▶ [What is expected]: Of the lines in the material below, print only those from the one containing "Sling employee dashboard on mobile app" to the one containing "Alice Sara Ott plays", ends included, exactly as written and without pictures.

▶ [Records for this task]:
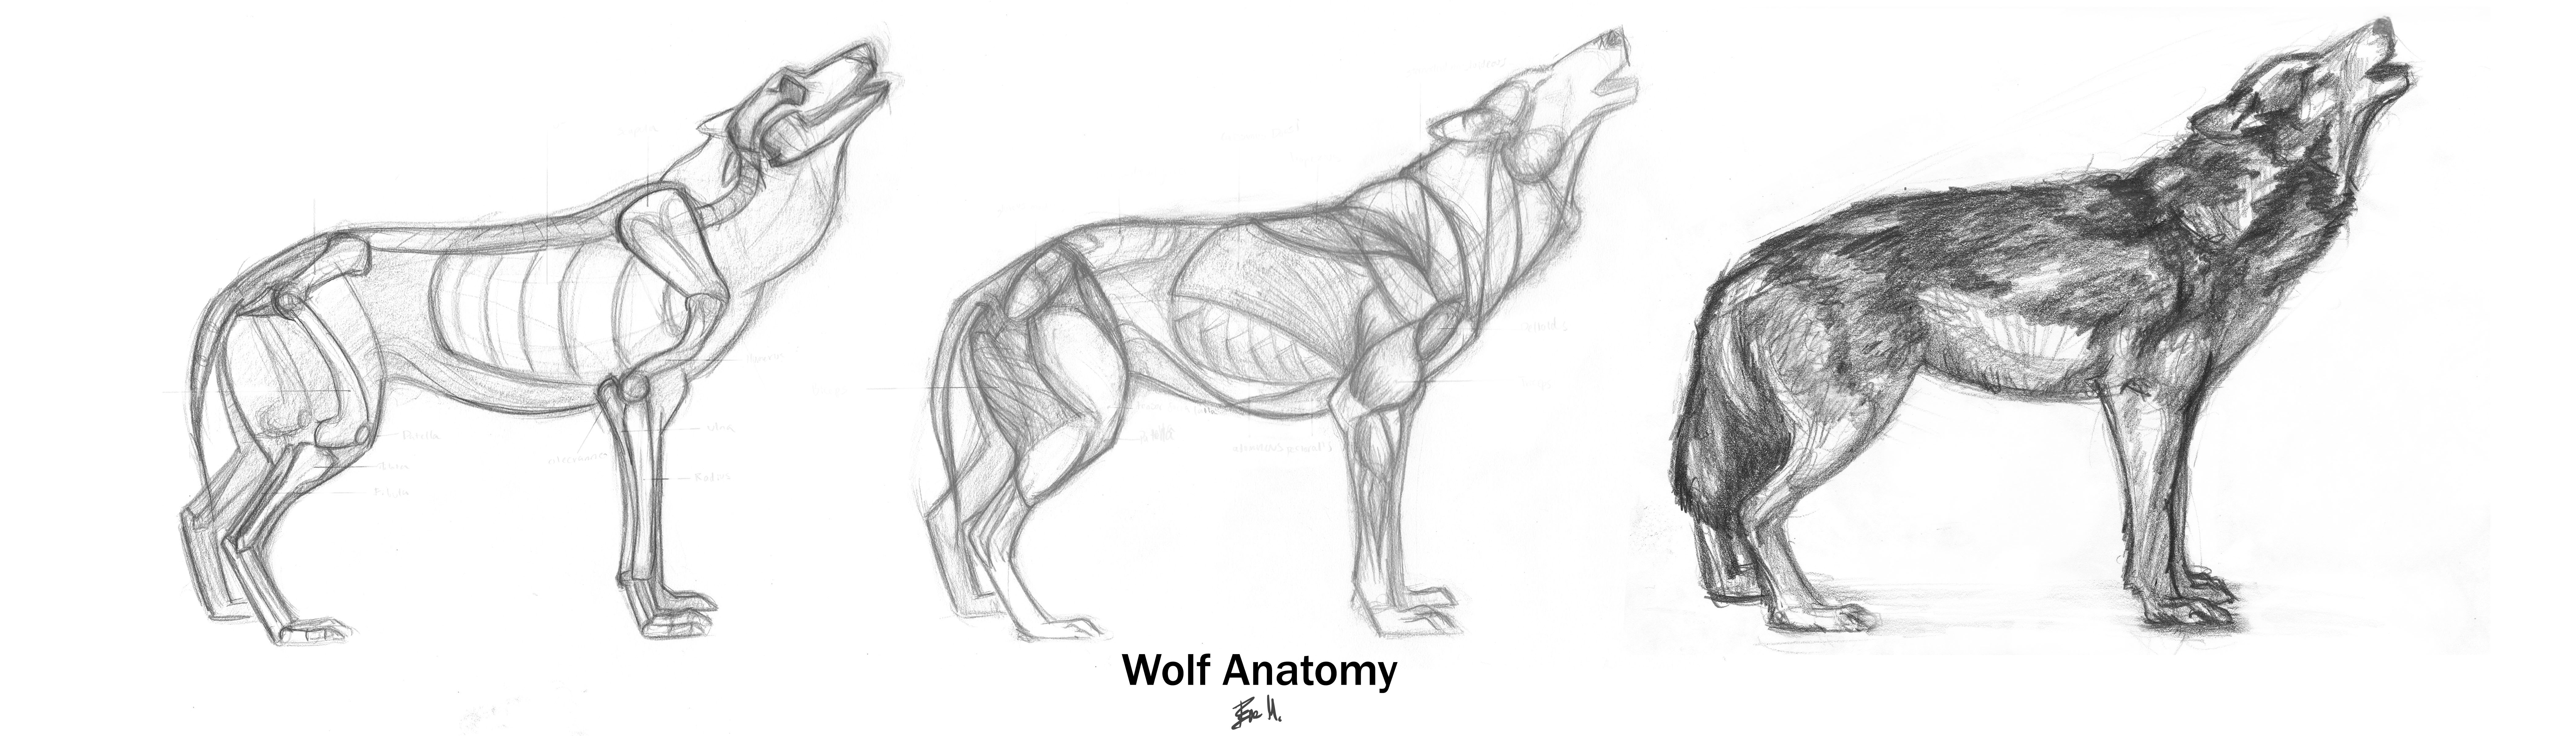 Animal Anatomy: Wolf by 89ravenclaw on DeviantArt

==

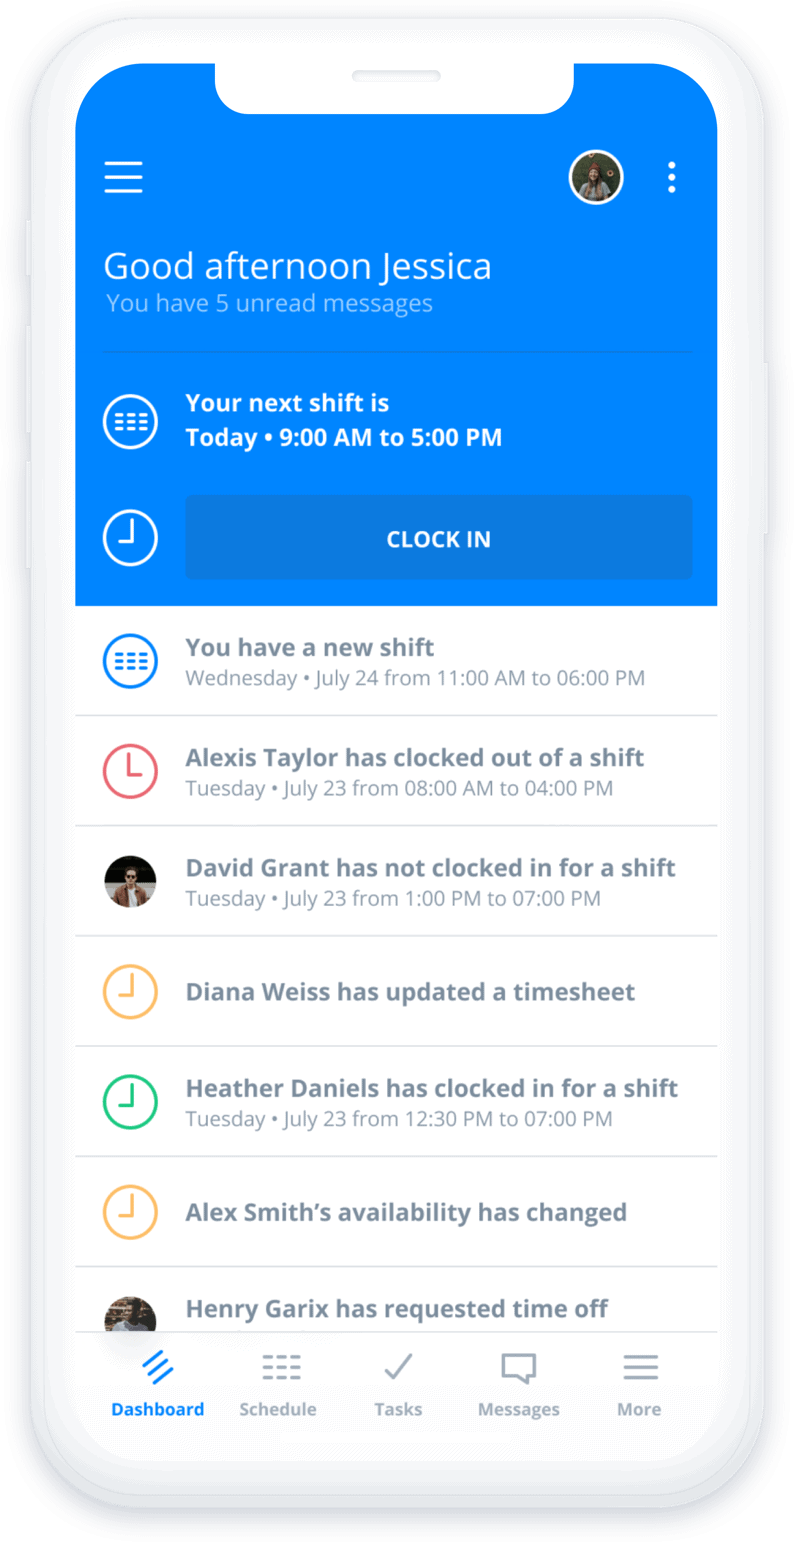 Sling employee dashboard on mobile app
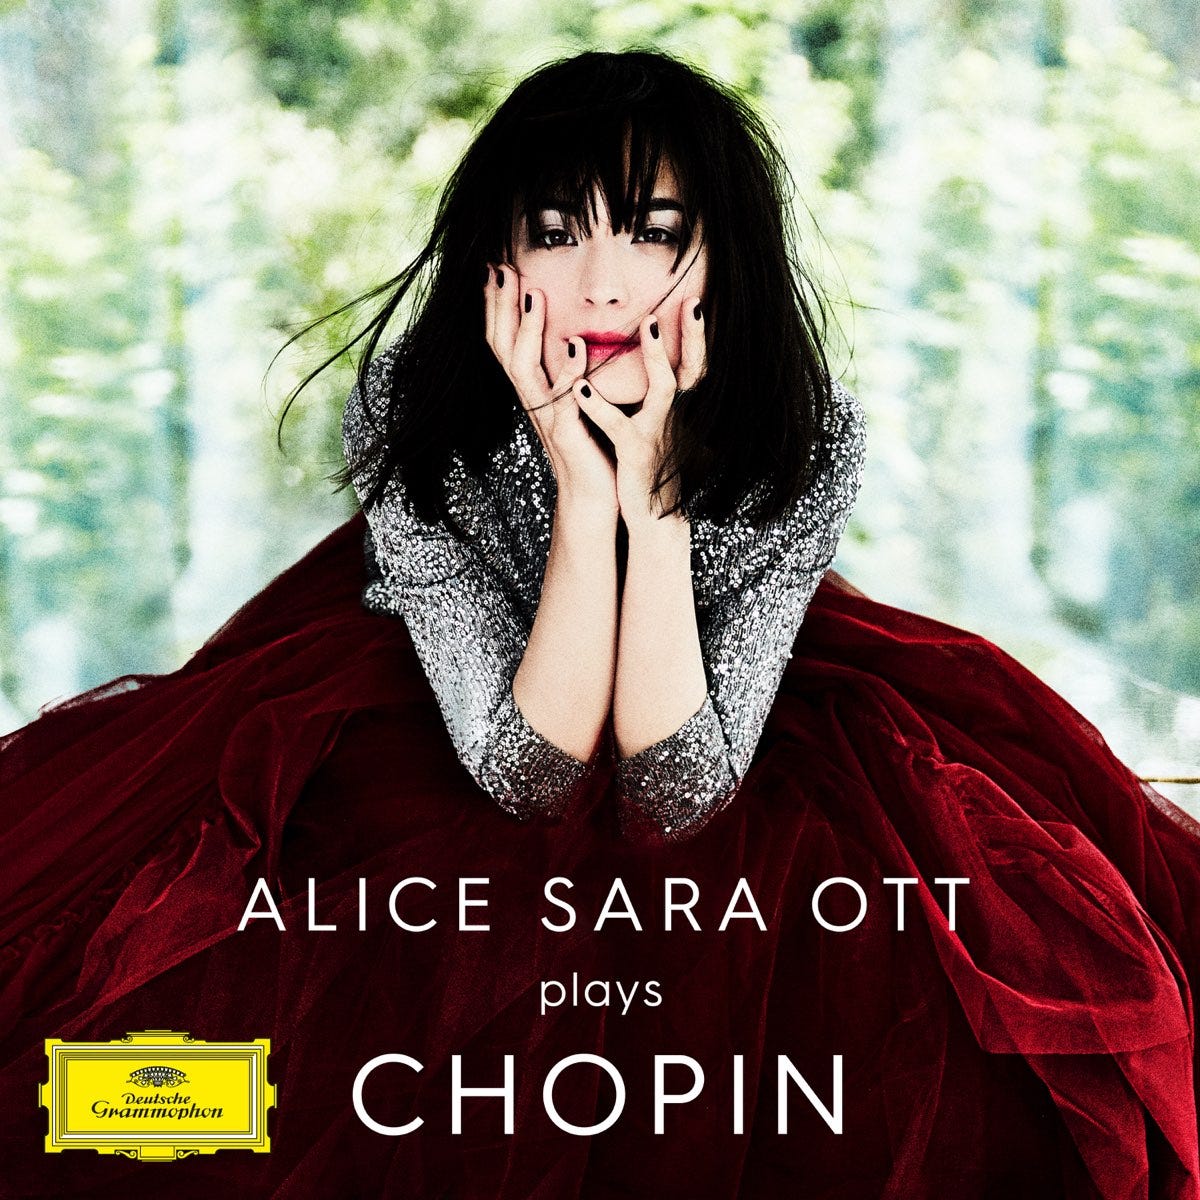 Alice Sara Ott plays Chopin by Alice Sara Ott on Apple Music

---

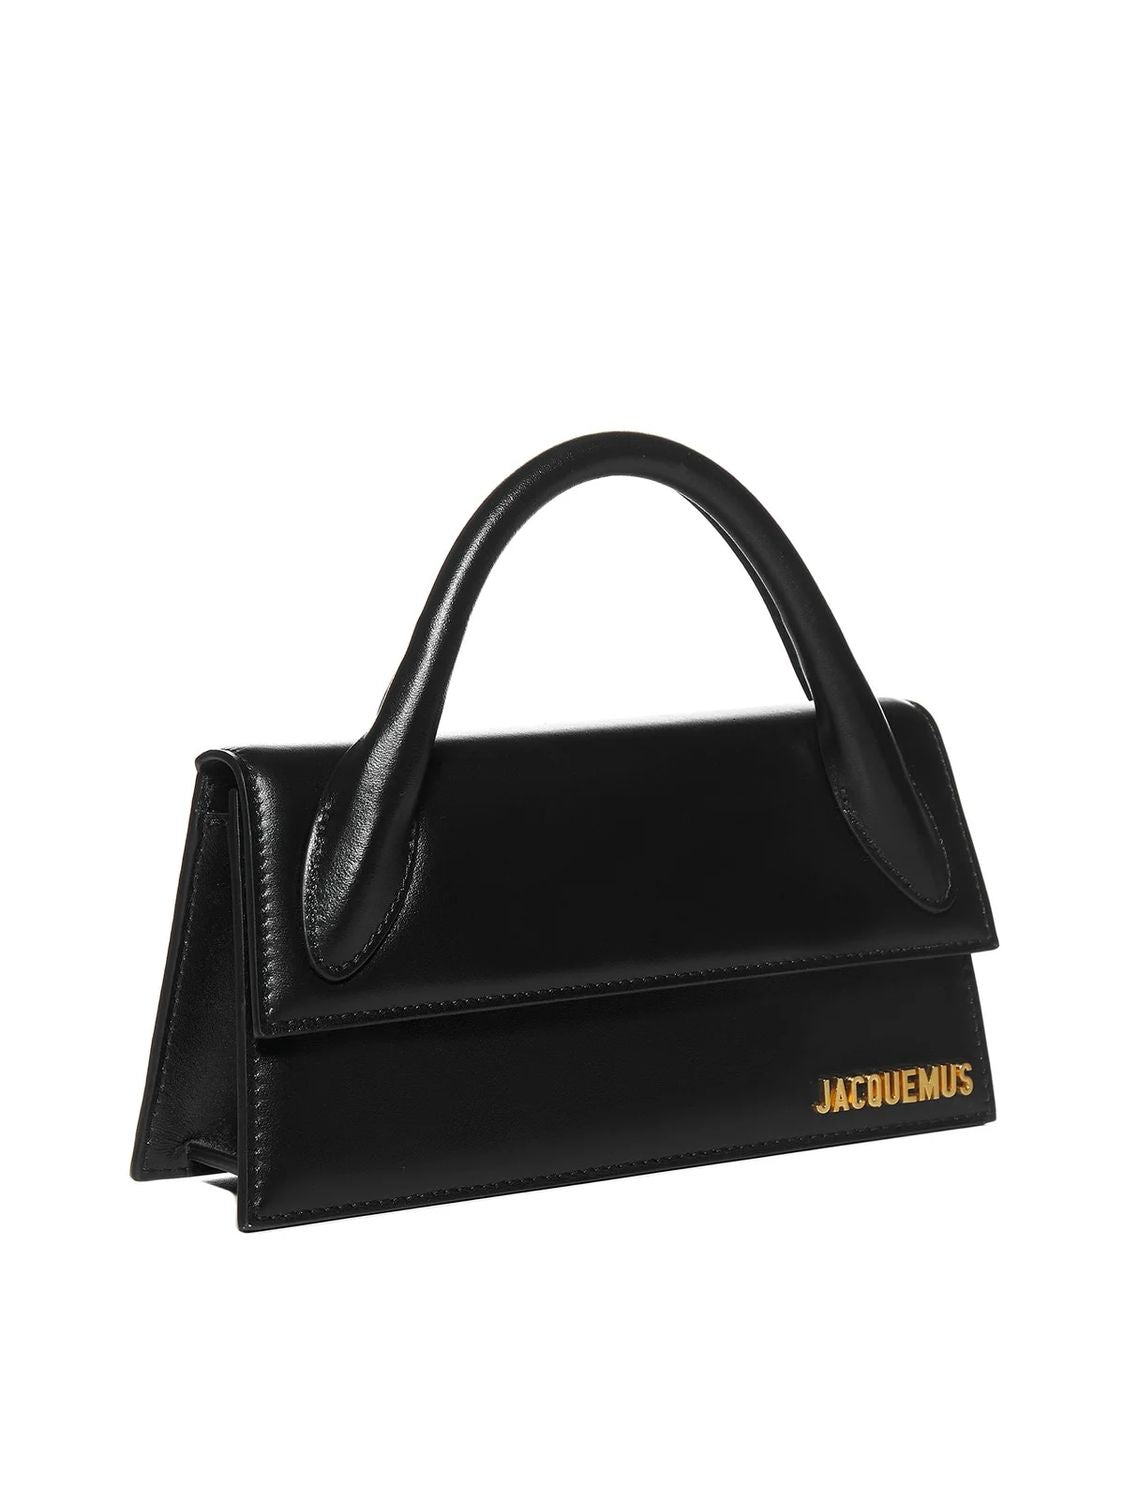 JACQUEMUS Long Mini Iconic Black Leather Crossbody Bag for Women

▶ [Written solution]:
 Sling employee dashboard on mobile app
 Alice Sara Ott plays Chopin by Alice Sara Ott on Apple Music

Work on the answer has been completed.